At this point, all messages submitted to the rabbit queue "test_queue" will be consumed by Kafka Connect and published onto the Kafka topic "test_topic".

Send a few more messages to Rabbit and consume the Kafka topic "test_topic" to see the results.

docker-compose exec kafka kafka-console-consumer --bootstrap-server localhost:9092 --topic test_topic --from-beginning

You should see something like:

{ "timestamp": "1585189850","cb_server": "cbserver", "command_line": "Global\\UsGthrFltPipeMssGthrPipe253", "computer_name": "JASON-WIN81-VM", "event_type": "proc", "expect_followon_w_md5": false, "md5": "D6021013D7C4E248AEB8BED12D3DCC88", "parent_create_time": 1447440685, "parent_md5": "79227C1E2225DE455F365B607A6D46FB", "parent_path": "c:\\windows\\system32\\searchindexer.exe", "parent_process_guid": "00000001-0000-0af4-01d1-1e444bf4c3dd", "path": "c:\\windows\\system32\\searchprotocolhost.exe", "pid": 1972, "process_guid": "00000001-0000-07b4-01d1-209a100bc217", "sensor_id": 1, "timestamp": 1447697423, "type": "ingress.event.procstart", "username": "SYSTEM"}

KSQLdb

Time for some KSQLdb action. https://ksqldb.io/overview.html

Start ksqlDB's interactive CLI:

docker-compose exec ksqldb-cli ksql http://ksqldb-server:8088

Dump out the test_topic contents:

ksql> PRINT 'test_topic' FROM BEGINNING;
ctrl+c

Create a stream (https://docs.ksqldb.io/en/latest/concepts/collections/streams/).

A stream essentially associates a schema with an underlying Kafka topic.

CREATE STREAM STR_PROCSTART_BASE (publish_timestamp VARCHAR, cb_server VARCHAR, command_line VARCHAR, computer_name VARCHAR, event_type VARCHAR, expect_followon_w_md5 VARCHAR, md5 VARCHAR, parent_create_time INT, parent_md5 VARCHAR, parent_path VARCHAR, parent_process_guid VARCHAR, path VARCHAR, pid INT, process_guid VARCHAR, sensor_id INT, timestamp INT, type VARCHAR, username VARCHAR) WITH (kafka_topic='test_topic', value_format='json') ;

Reset your offset to earliest, and read from this new stream using SQL:

SET 'auto.offset.reset' = 'earliest';
SELECT *  FROM STR_PROCSTART_BASE EMIT CHANGES;

Advanced streaming

More streams, ksql tables and joins.

Firstly, lets create a computer_name keyed stream from the process creation events base stream.
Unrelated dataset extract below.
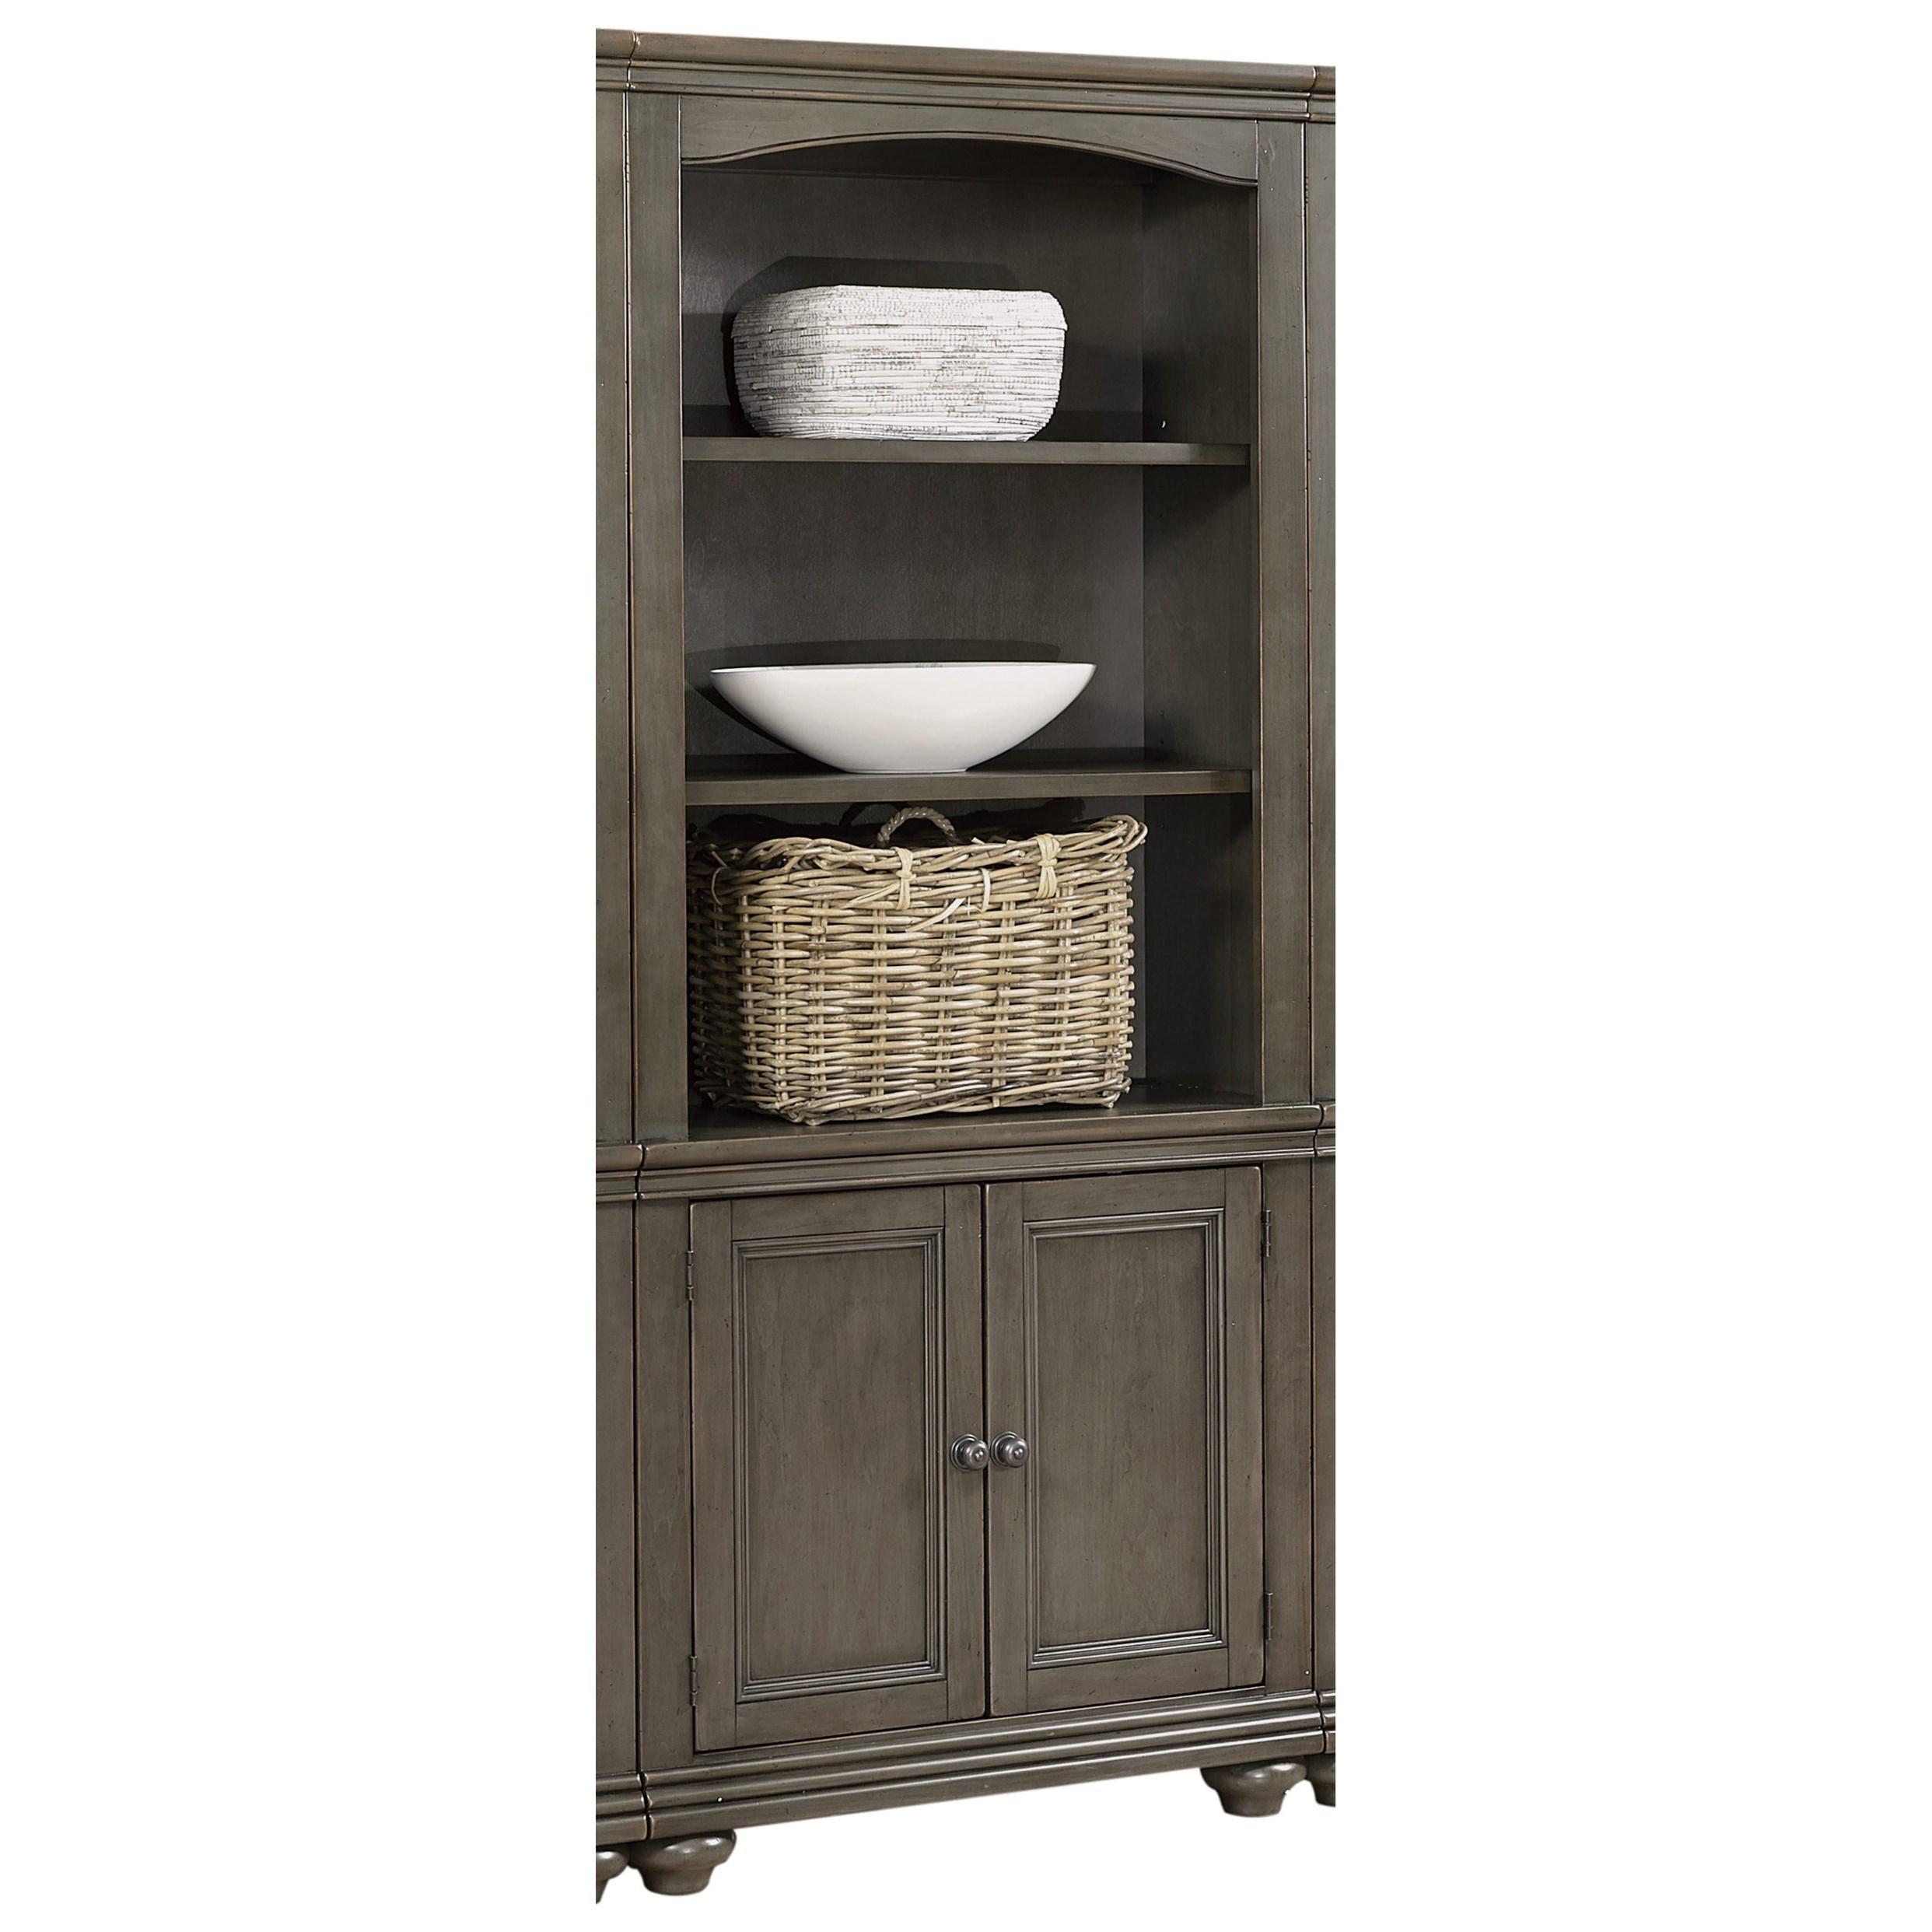 Door Bookcase with Adjustable Shelves

We need a ROWKEY to not be NULL, which is the default, so we can join across topics/streams/tables etc.

Key it by computer name:

CREATE STREAM STR_PROCSTART_BY_COMPUTER_NAME AS SELECT * FROM STR_PROCSTART_BASE WHERE COMPUTER_NAME is not null PARTITION BY COMPUTER_NAME;

Experiment with SQL statements against the stream - and then exit ksql.

You can run a bunch of transforming SQL commands on this stream and write it out to another stream. You can also create Kafka Connect sinks for the streams to push the records to an external system such as Splunk, HDFS and Kudu.

We will create a few more streams for different events - join them together, and then output the results to Kudu.

Create Module Load Events

Kafka Topic

Now, lets create some module load events via Kafka:

docker-compose exec kafka kafka-topics --create --topic moduleload_raw  --partitions 1 --replication-factor 1 --if-not-exists --zookeeper zookeeper:2181

Create the KSQL stream

docker-compose exec ksqldb-cli ksql http://ksqldb-server:8088

CREATE STREAM STR_MODULELOAD_BASE (cb_server VARCHAR, computer_name VARCHAR, event_type VARCHAR, md5 VARCHAR, path VARCHAR, pid INT, process_guid VARCHAR, sensor_id INT, timestamp INT, type VARCHAR ) WITH (kafka_topic='moduleload_raw', value_format='json') ;

Create a computer name keyed stream

CREATE STREAM STR_MODULELOAD_BY_COMPUTER_NAME AS SELECT * FROM STR_MODULELOAD_BASE WHERE COMPUTER_NAME is not null PARTITION BY COMPUTER_NAME;

Send some records

Back in a shell (not ksql!) send some module load events:

cat module_load.json | docker-compose exec -T kafka kafka-console-producer --broker-list kafka:9092 --topic moduleload_raw

Create OS Info Events

Create the topic

docker-compose exec kafka kafka-topics --create --topic osinfo_raw  --partitions 1 --replication-factor 1 --if-not-exists --zookeeper zookeeper:2181

Create KSQL stream

docker-compose exec ksqldb-cli ksql http://ksqldb-server:8088

CREATE STREAM STR_OSINFO_BASE (cb_server VARCHAR, computer_name VARCHAR, event_type VARCHAR, ip_address VARCHAR, agent_id VARCHAR, timestamp VARCHAR, type VARCHAR, OSArchitecture VARCHAR, OSLanguage INT, Manufacturer VARCHAR, Caption VARCHAR, InstallDate VARCHAR, CurrentTimeZone INT, LastBootUpTime VARCHAR, LocalDateTime VARCHAR, OSType INT, Version VARCHAR, BootDevice VARCHAR, BuildNumber INT, CodeSet INT, CountryCode INT) WITH (kafka_topic='osinfo_raw', value_format='json');

Keyed stream (rowkey = computer_name)

CREATE STREAM STR_OSINFO_BY_COMPUTER_NAME AS SELECT * FROM STR_OSINFO_BASE WHERE COMPUTER_NAME is not null PARTITION BY COMPUTER_NAME;

Create the KSQL table

Create a table of the computer name keyed stream. This way, when we join to this table on the computer name, only the latest record is returned to produce the latest OS info.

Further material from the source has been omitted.